Humans are responsible, scientist says

In 2017, a study released by USGS and Portland State University said that in the past half century, some of the ice formations in Montana had lost 85% of their size and the average shrinkage was 39%.

"In several decades they will be mostly gone. They will grow so small that they will disappear. They will certainly be gone before the end of the century," Dan Fagre, the study's lead scientist, had said.

And humans are responsible, Fagre said after the study's release.

"There are variations in the climate but it is humans that have made all those variations warmer," he said. "The glaciers have been here for 7,000 years and will be gone in decades. This is not part of the natural cycle."

The melting of these structures is "all atmospherically driven," he added.

But the park isn't a unique case -- glaciers are shrinking across the globe, experts say.

In Switzerland, glaciers have shrunk 10% in the past five years -- an unprecedented rate in more than a century of observations, research published last year shows.

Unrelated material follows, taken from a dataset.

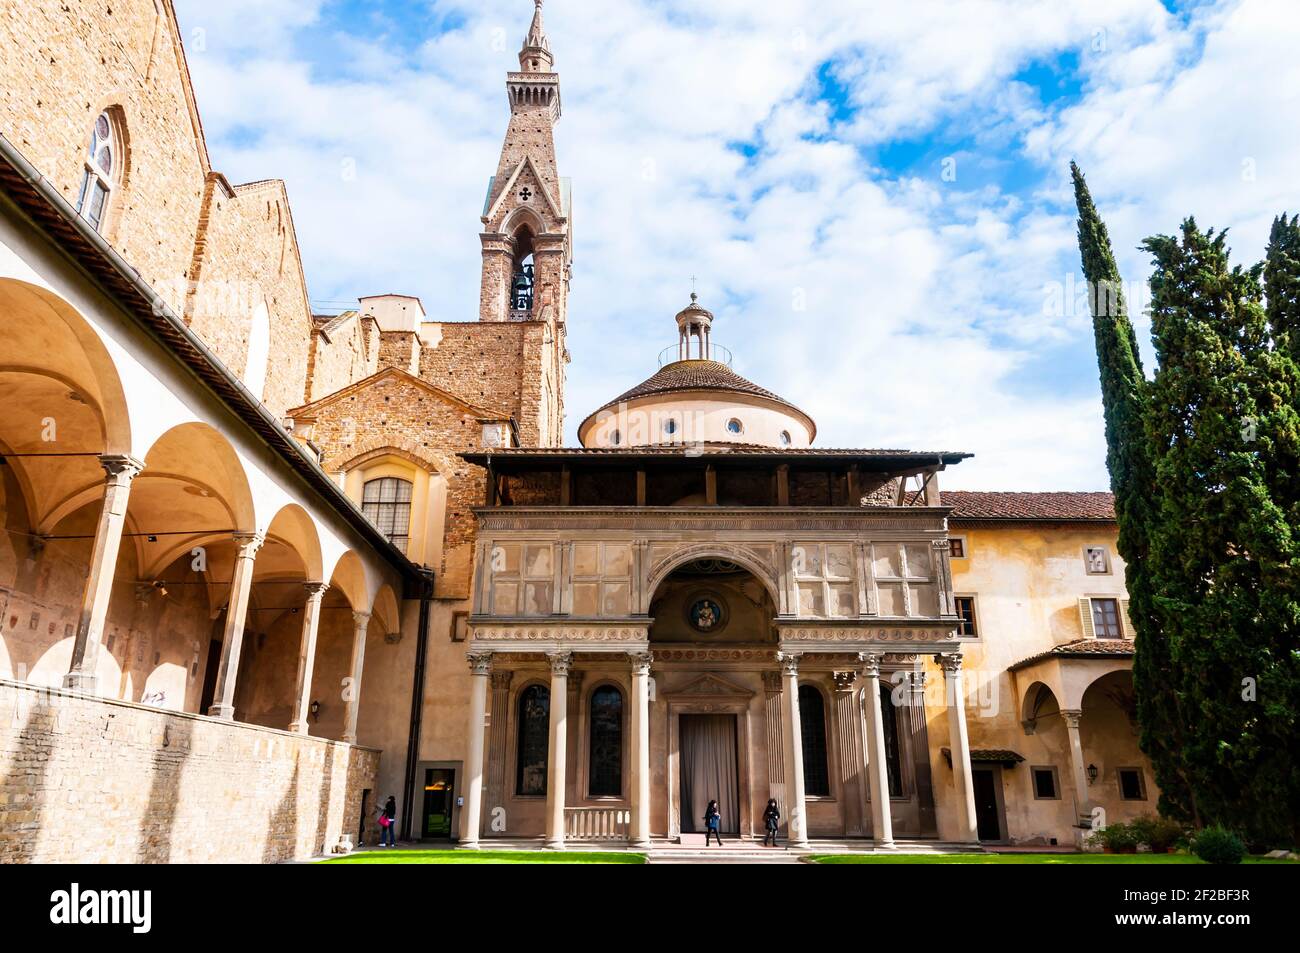 Gardens and cloister of the Basilica Santa Croce in Florence in Tuscany, Italy Stock Photo

In Iceland, researchers bid farewell to the first glacier in the country lost to climate change. In a funeral-like gathering, scientists memorialized the glacier, known as Ok, with a plaque that read: "Ok is the first Icelandic glacier to lose its status as a glacier. In the next 200 years, all our glaciers are expected to follow the same path. This monument is to acknowledge that we know what is happening and know what needs to be done. Only you know if we did it."

And in June 2019, a new study revealed climate change was shrinking Himalayan glaciers twice as fast as last century.

Recently, the glaciers had lost around 8 billion tons of water a year -- the equivalent of 3.2 million Olympic-size swimming pools, say the researchers. And that could potentially threaten water supplies for hundreds of millions of people across parts of Asia.